• Dataset extract:
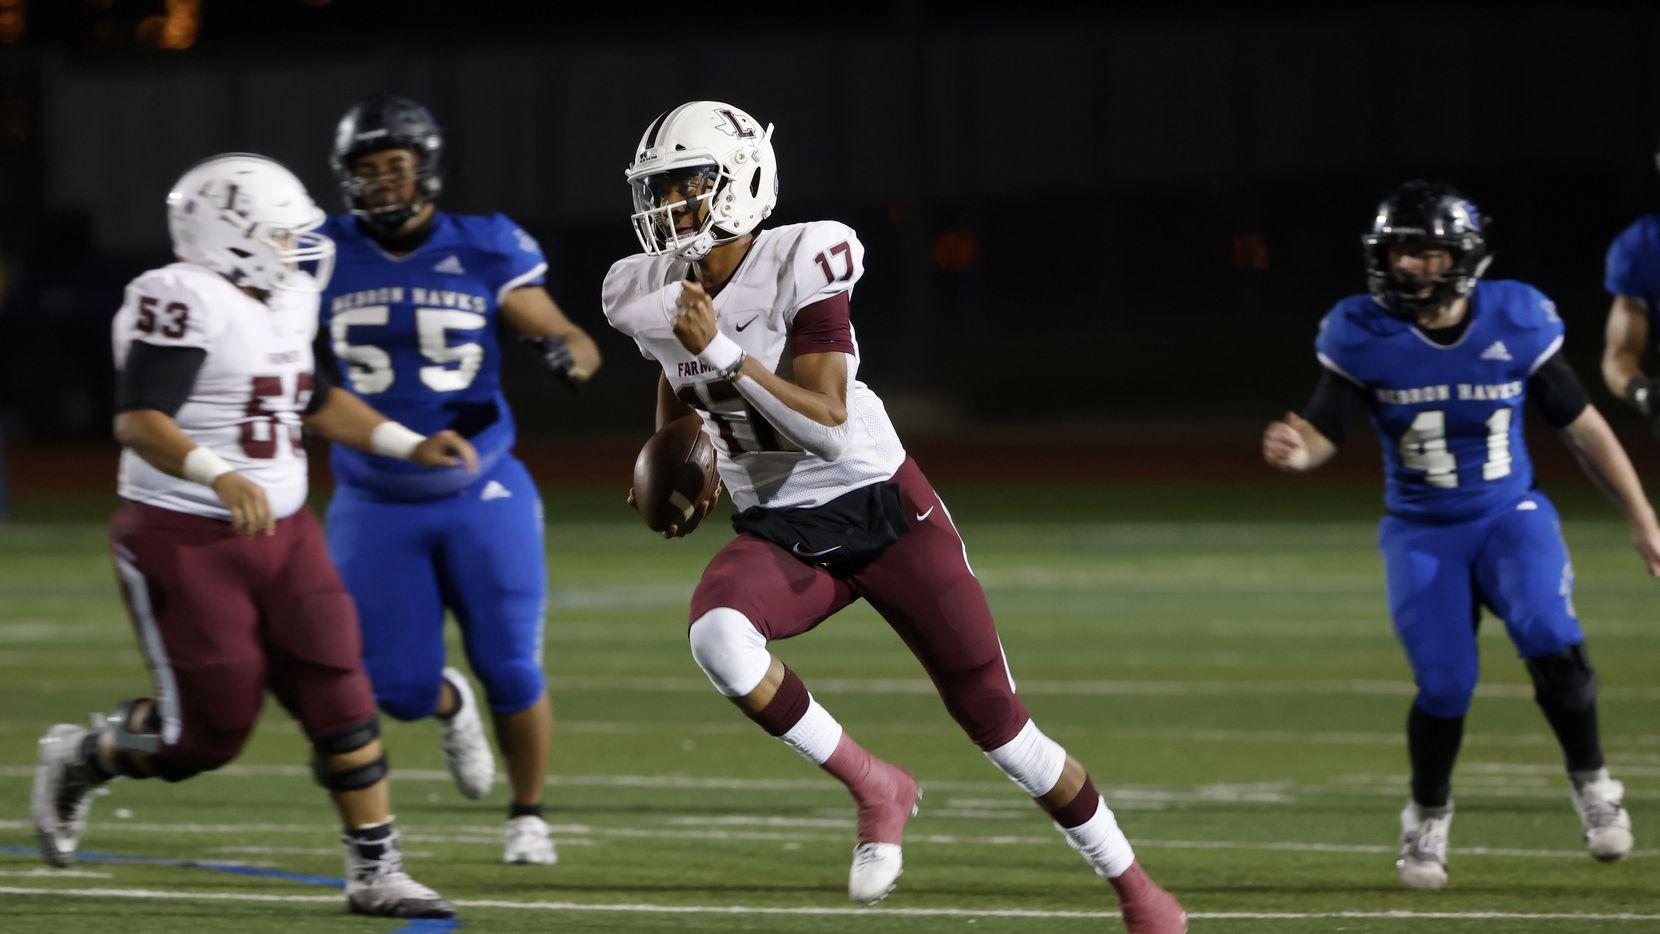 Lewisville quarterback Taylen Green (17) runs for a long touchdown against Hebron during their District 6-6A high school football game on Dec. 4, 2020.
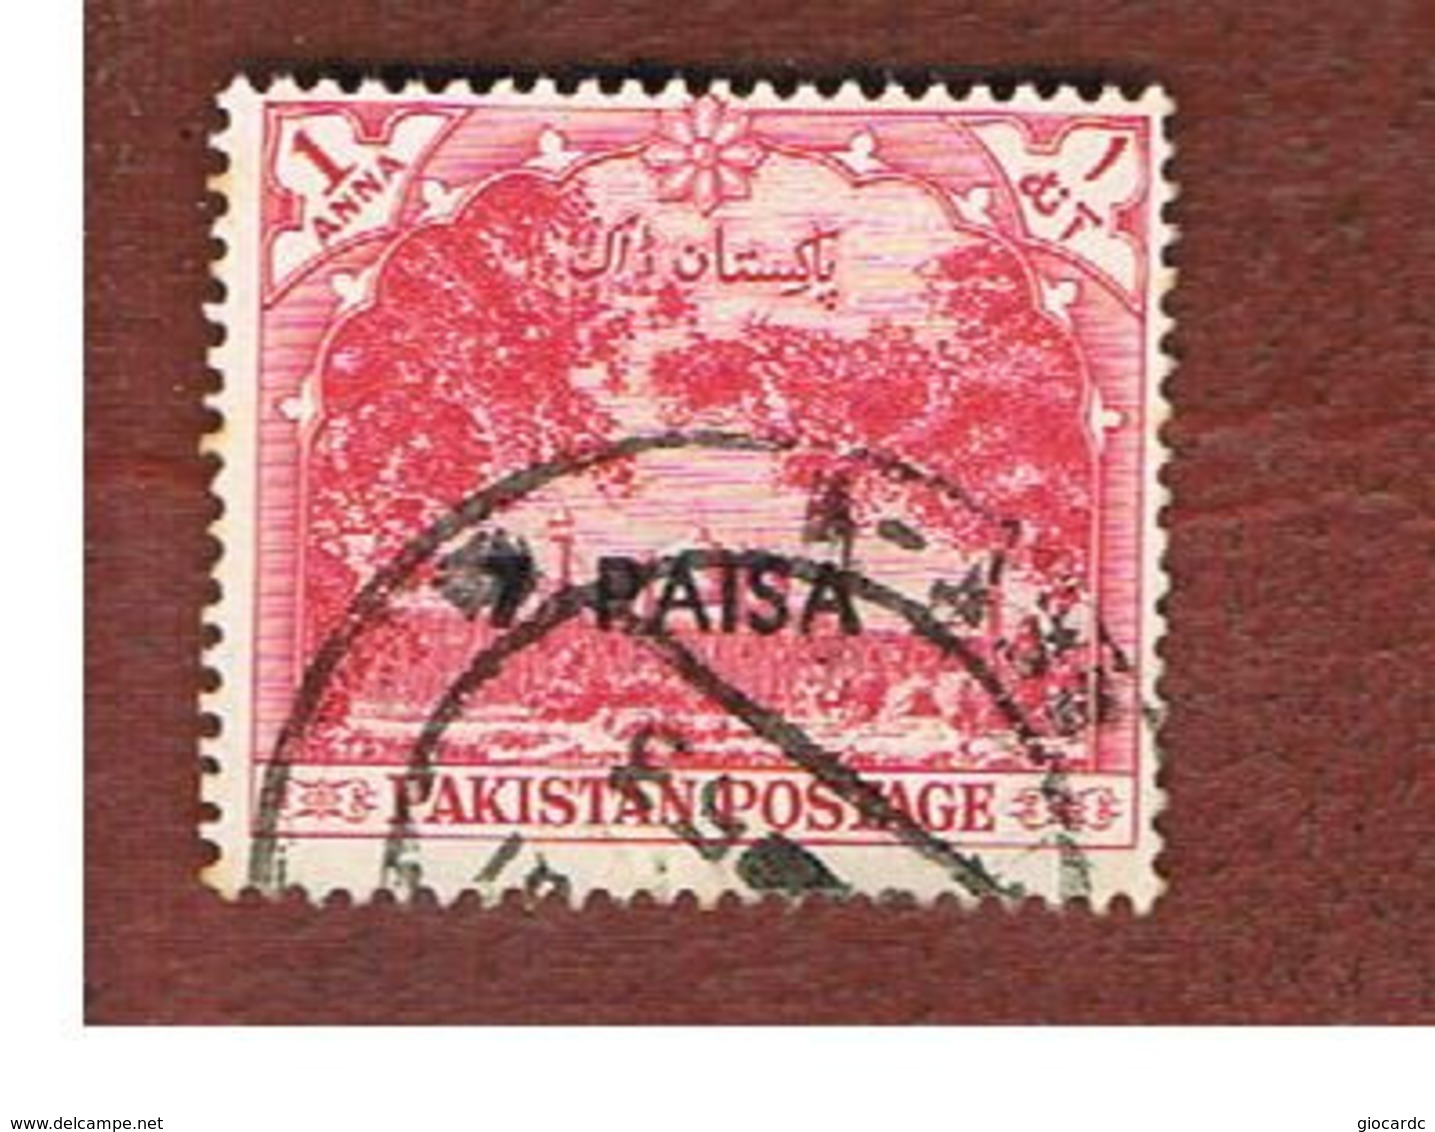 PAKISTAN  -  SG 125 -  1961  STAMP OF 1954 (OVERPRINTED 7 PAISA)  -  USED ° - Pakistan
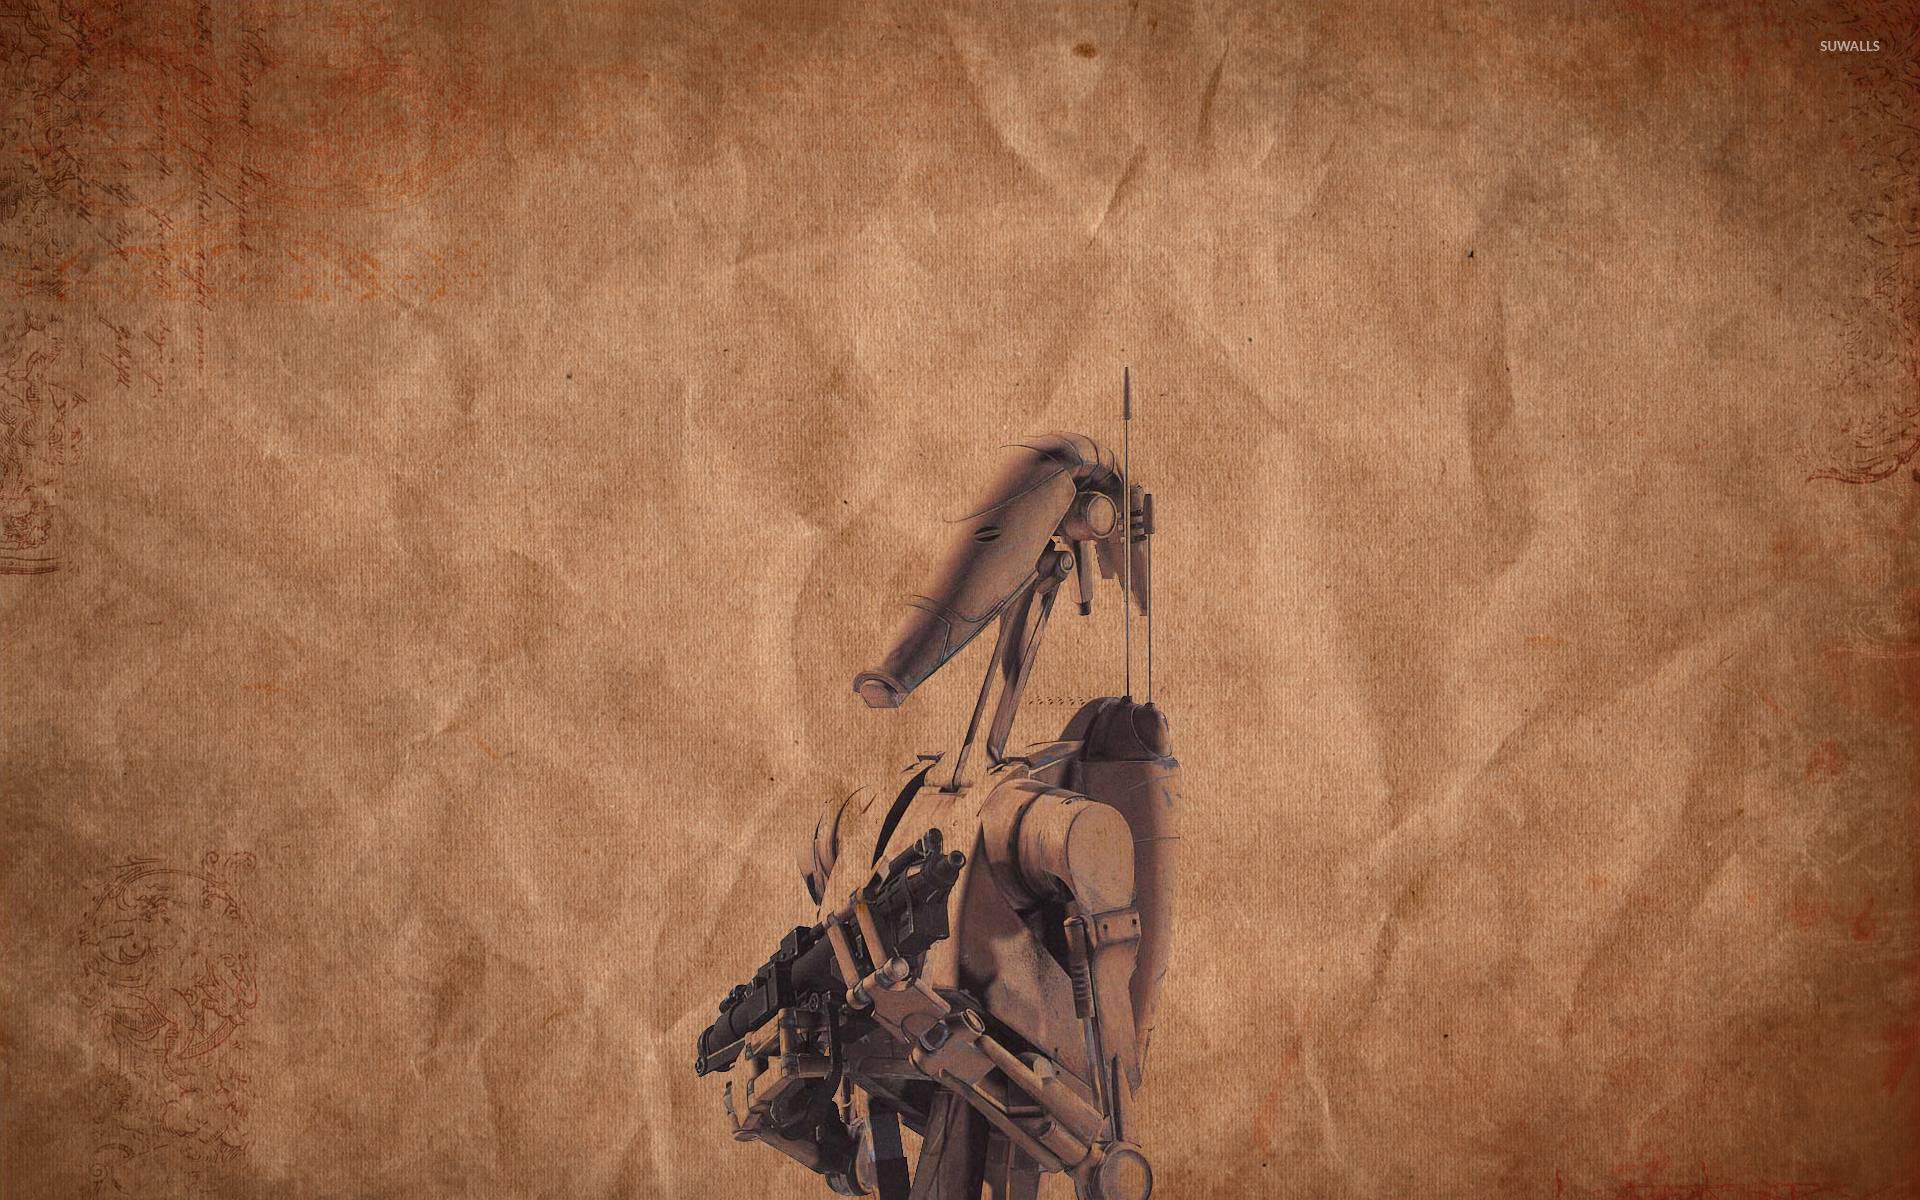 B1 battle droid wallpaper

• Assignment:
For this task, give the full listing again verbatim and keep out every picture.

• Response to the exercise:
 Lewisville quarterback Taylen Green (17) runs for a long touchdown against Hebron during their District 6-6A high school football game on Dec. 4, 2020.
 PAKISTAN  -  SG 125 -  1961  STAMP OF 1954 (OVERPRINTED 7 PAISA)  -  USED ° - Pakistan
 B1 battle droid wallpaper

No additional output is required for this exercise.